→ **Assignment**: Each line below is to be copied exactly; images do not go into the copy.
++++ Provided data ++++
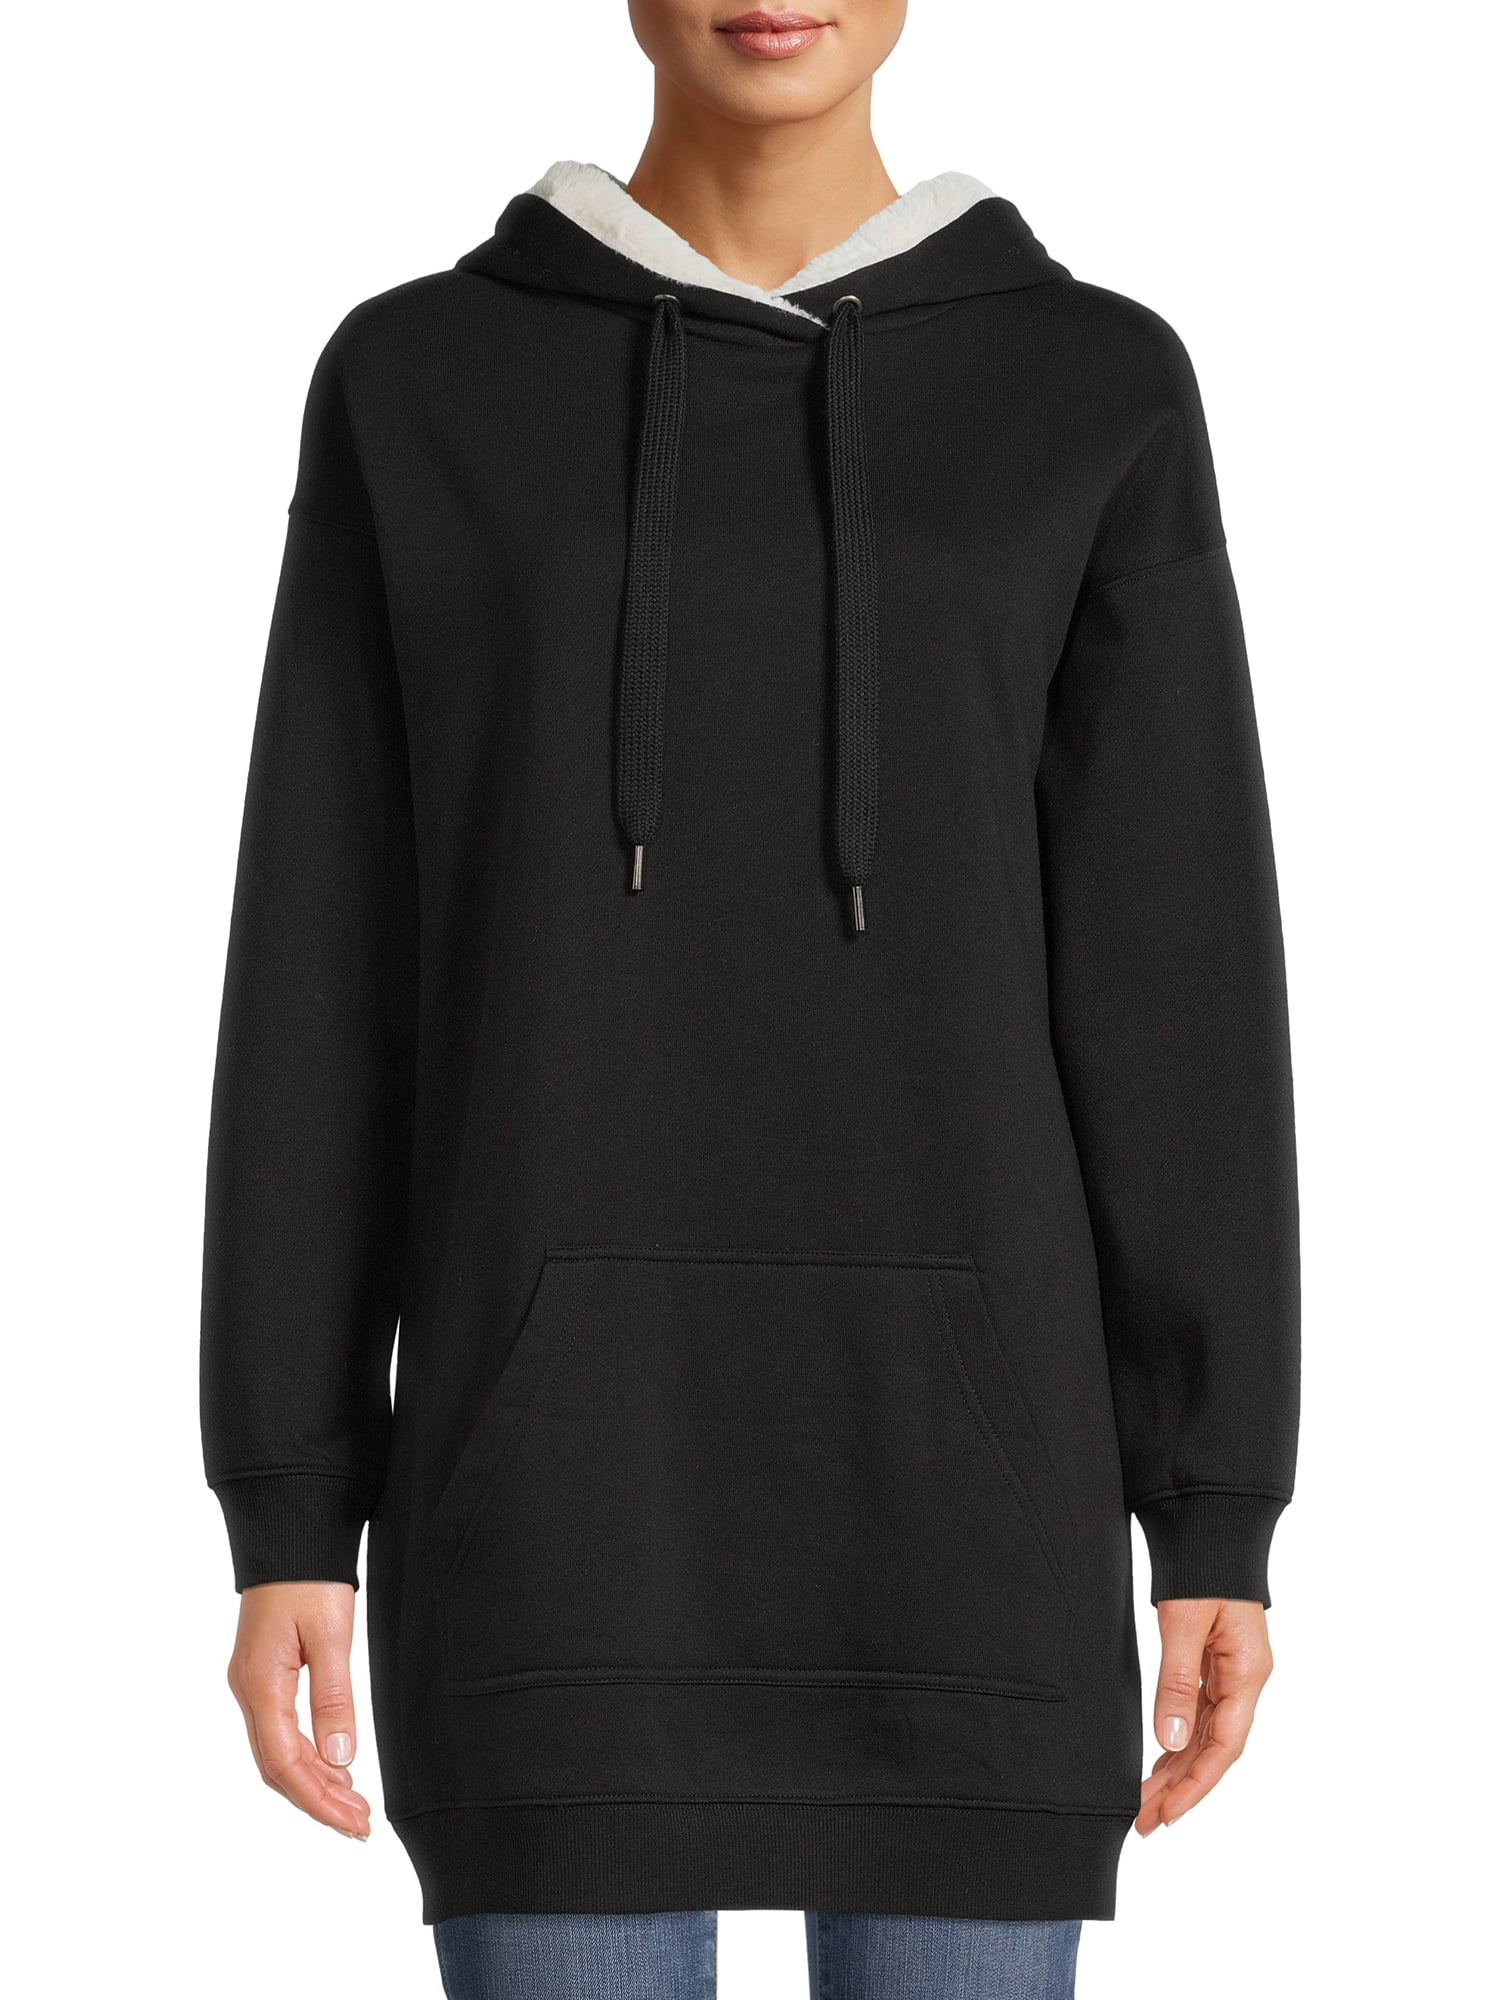 windbreaker black hooded long sleeve Details about   No boundaries womens juniors size M 7-9 
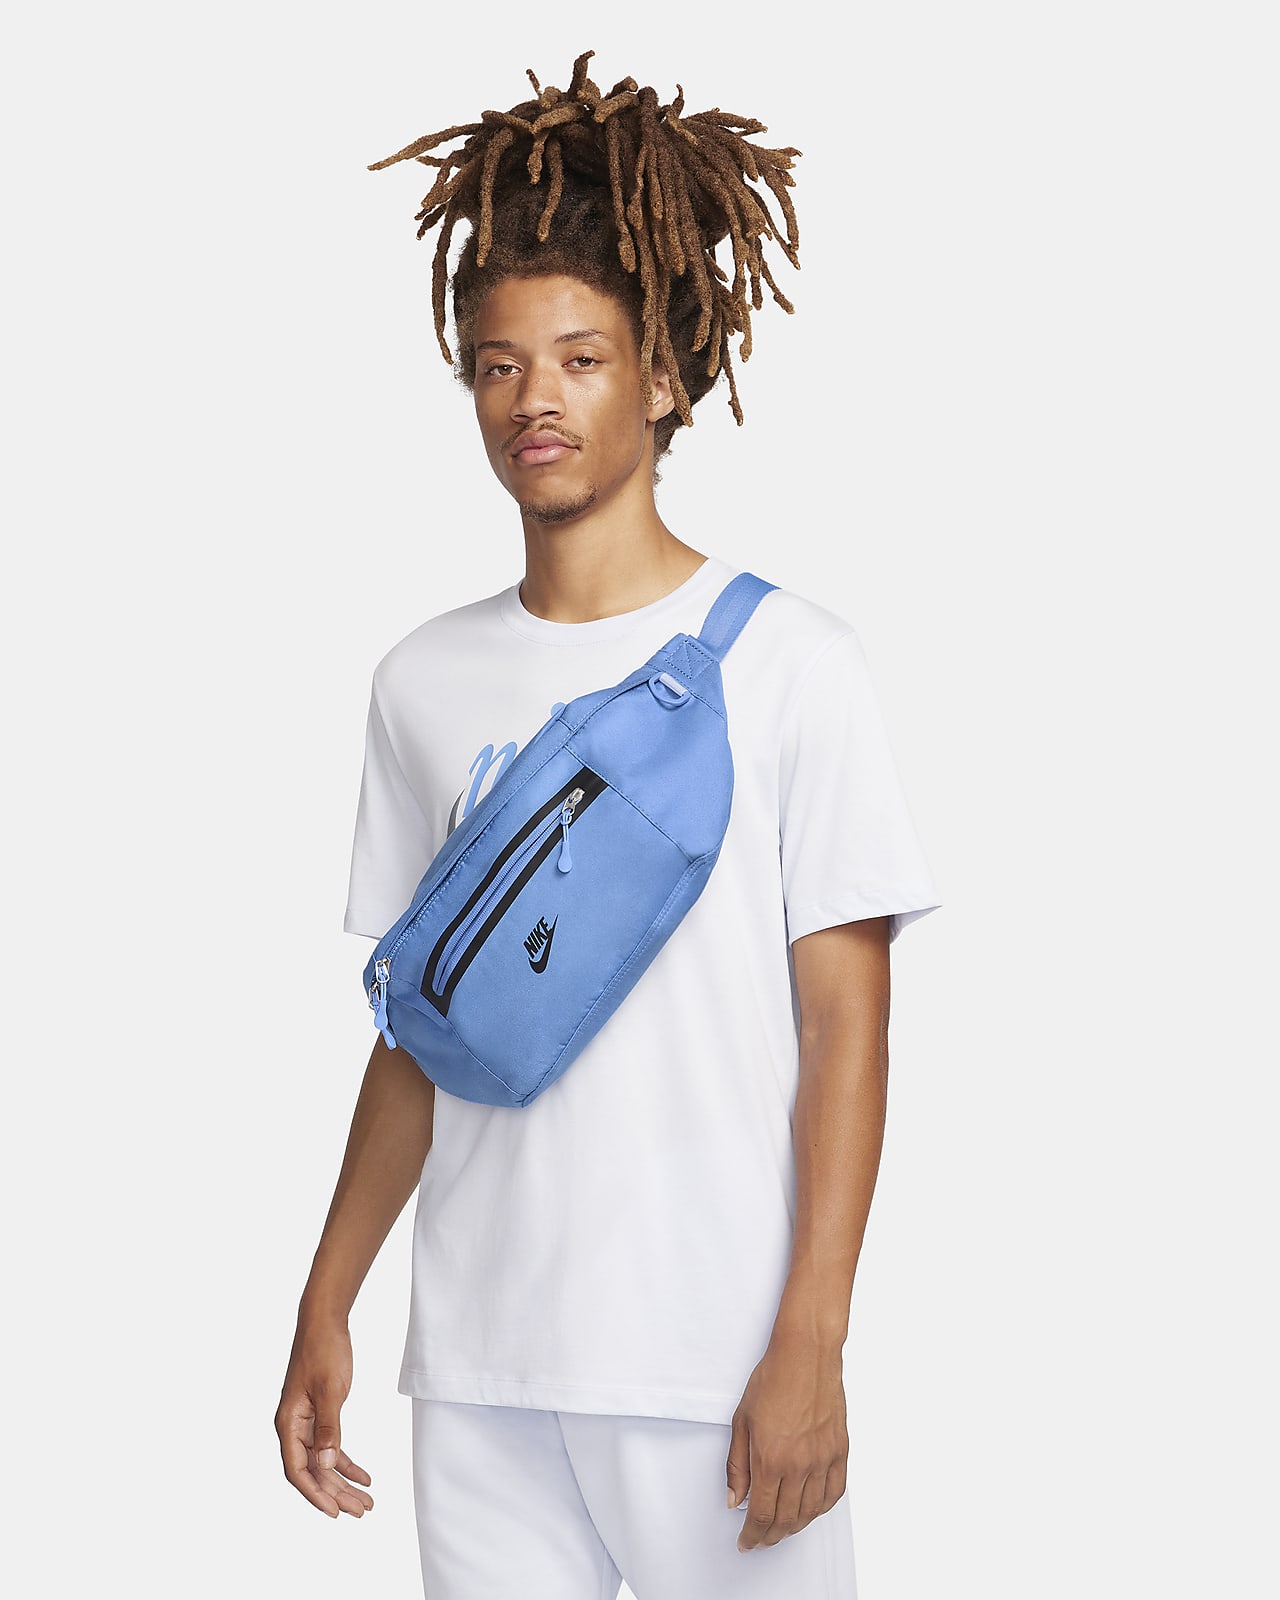 Nike Adjustable Strap Waist Bags & Fanny Packs
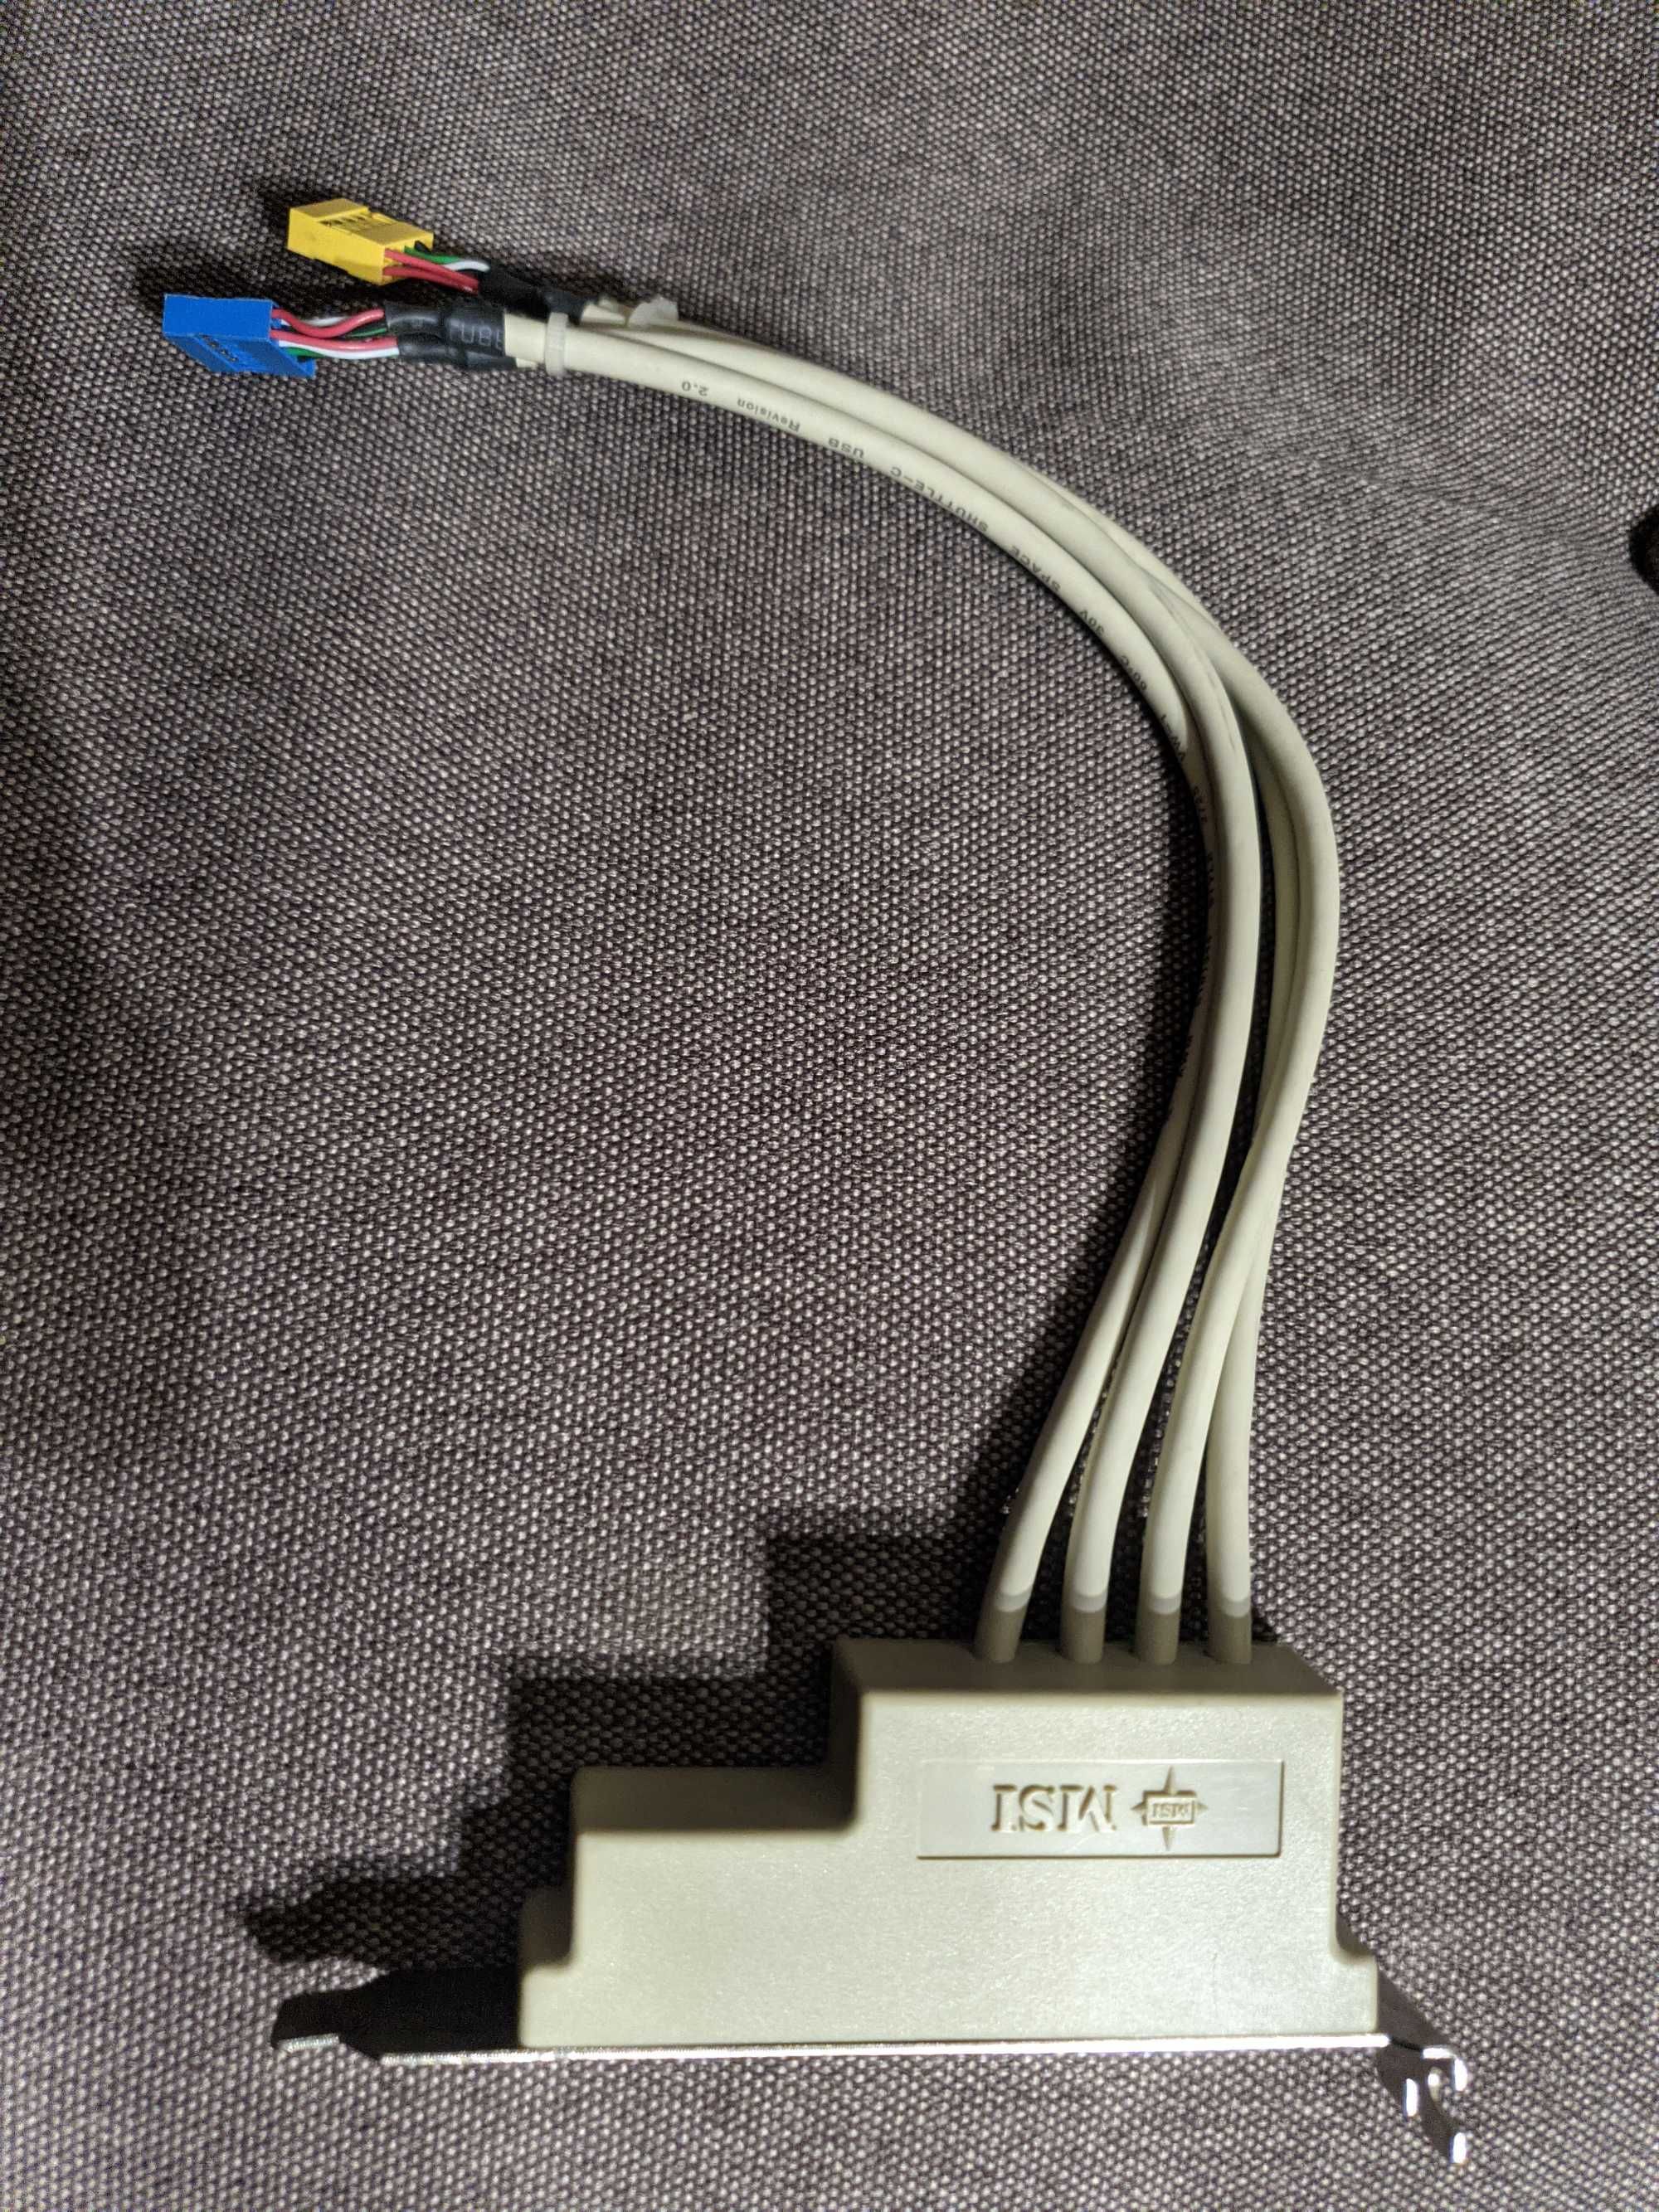 USB-хаб MSI 4USB порта
++++
→ **Response area**:
 windbreaker black hooded long sleeve Details about   No boundaries womens juniors size M 7-9 
 Nike Adjustable Strap Waist Bags & Fanny Packs
 USB-хаб MSI 4USB порта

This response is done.